When I grow up I want to wander the planet and photograph and write about women. That’s been my dream and today it began. Well at least the wandering began…there are no women yet. Just two men, two of my favorite men. After two days of scrubbing, repairing, and organizing, Allen, Jim Moore, and I set sail in the wee hours of the morning. So different from our arrival two months ago to this busy metropolis, today was eerily quiet, the water calm and flat, even the no see ums were still asleep. It was as though we were sneaking off trying our best not to wake the sleeping giant of Ft. Lauderdale. Within minutes, we merged onto the gulf stream freeway just a few miles offshore and began our northbound journey up the Eastern seaboard.

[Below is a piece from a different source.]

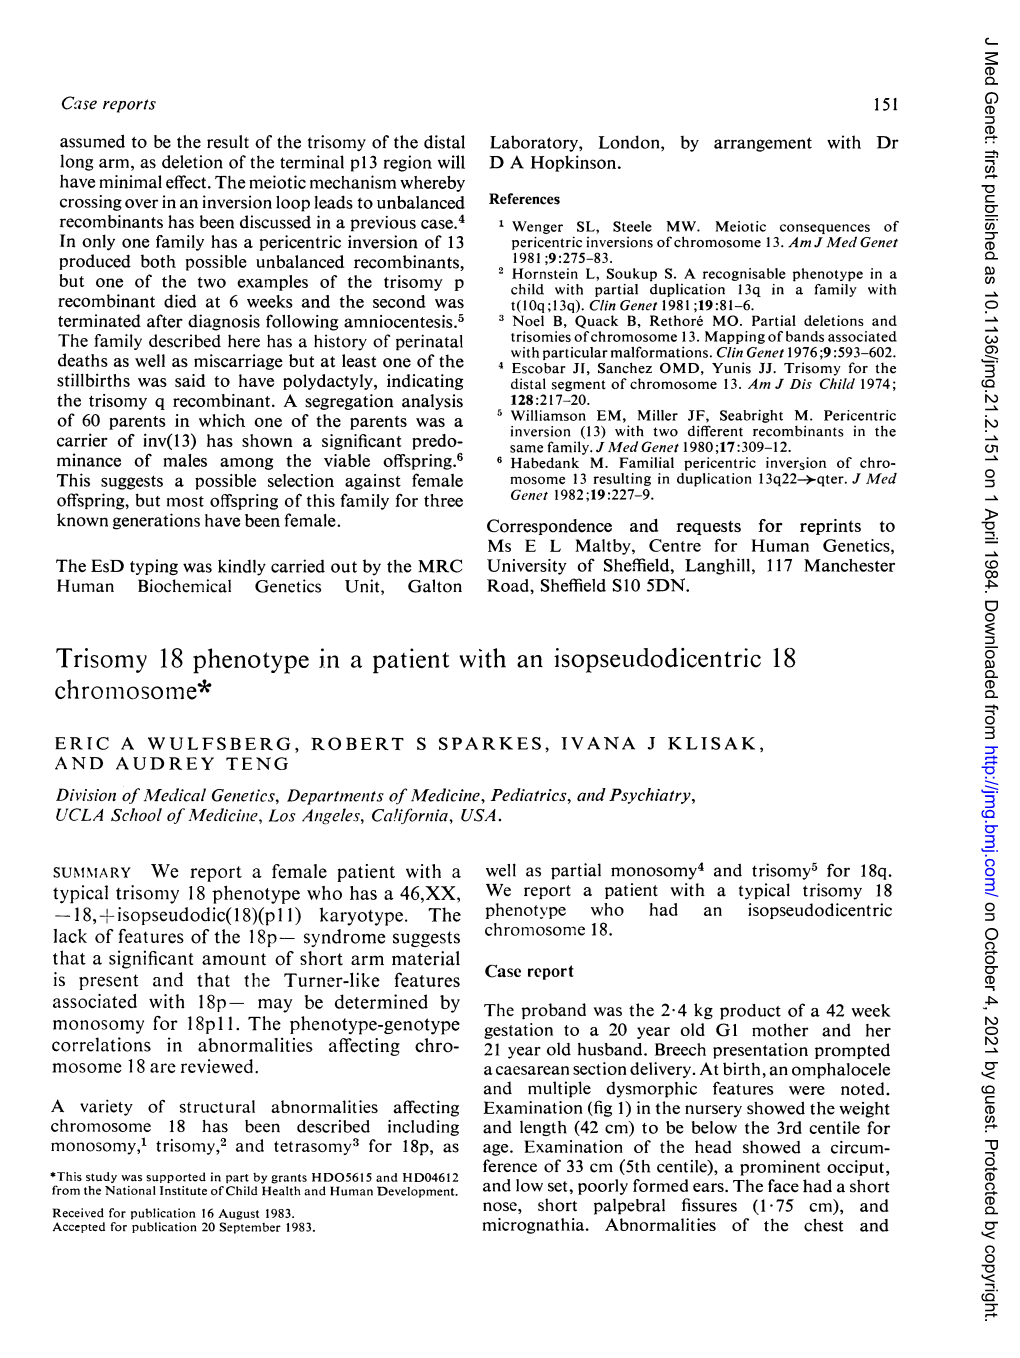 Trisomy 18 Phenotype in a Patient with an Isopseudodicentric 18 Chromosorne*

The crowded South Florida coastline faded and before long we were surrounded by the deep blue sea. Where the sea ends, the blue sky begins on every horizon. In many ways, it’s a very monotonous view that forces contemplation. Or in my case, sleep. So far, my dream of wandering is filled with just that…dreams. The steady motion of the boat rocks me instantly to sleep. And, until my tummy adjusts to the rocking and I gain my sea legs, sleep indeed seems the best solution. Jim Moore is on the same program so we keep the couches warm while Allen, who requires no adjustment time, keeps us sailing north.

Destination: Savannah, Georgia where I’m hoping to spend my 4th of July birthday with my dear friend, Kathryn, in a city I’ve never visited. In order to reach our destination on said date, however, we must sail through the night. To understand how I feel about sailing through the night, read Blog Post, Night Watch is Like Childbirth.  You get the idea.